Search code examples
javascriptregexregex-greedycapturing-group

Non-greedy capturing parenthesis


I have the string mysql://user:pw@host/db?reconnect=true and the following (incorrect) regex: /^mysql:\/\/(.+):(.+)@(.+)\/(.+)\??.*$/

These are the matches I get:

["user", "pw", "host", "db?reconnect=true"]

The only problematic match is "db?reconnect=true", which I intend to be "db"

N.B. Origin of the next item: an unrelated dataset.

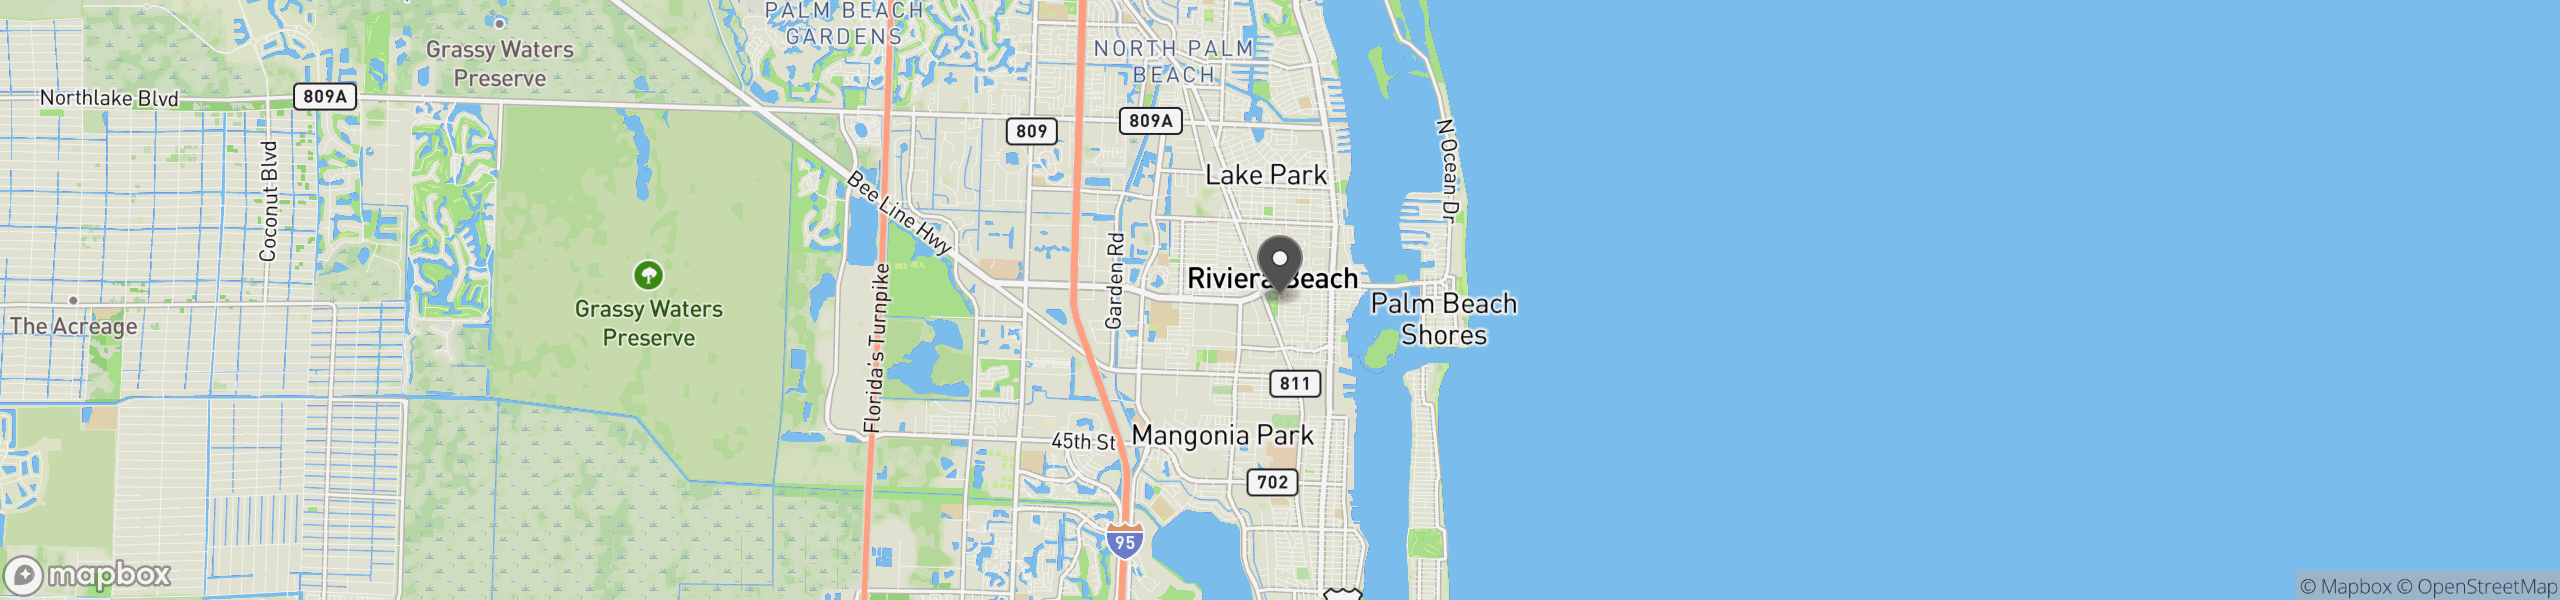 Riviera Beach, FL 33404

I have tried non-greedy qualifiers for both the "?" after "db" and after the last capturing parenthesis with no success. It seems like the last capturing parenthesis is greedy no matter what. Is there even a solution for this?

Cheers!


Solution

  • All of your quantifiers are greedy; you need to add ? to make them non-greedy. In this specific case, you need to be careful, because if you don't ensure it must match the GET query separately, non-greediness will omit the b in db too. There are two decent options here:

    1. Explicitly non-greedy: /^mysql:\/\/(.+):(.+)@(.+)\/(.+?)(?:\?.*)?$/ (You need to group the ? with the rest of GET query; if it's optional by itself, the non-greedy code will stop early, ignore the optional ?, and just shove everything into the match on the greedy .*)
    2. Greedy, but excluding ? from the things it's willing to match: /^mysql:\/\/(.+):(.+)@(.+)\/([^?]+)(?:\?.*)?$/ Since a ? can't occur in a legal URL except when splitting the GET query, we swap from .+ to [^?]+ to keep everything until the ?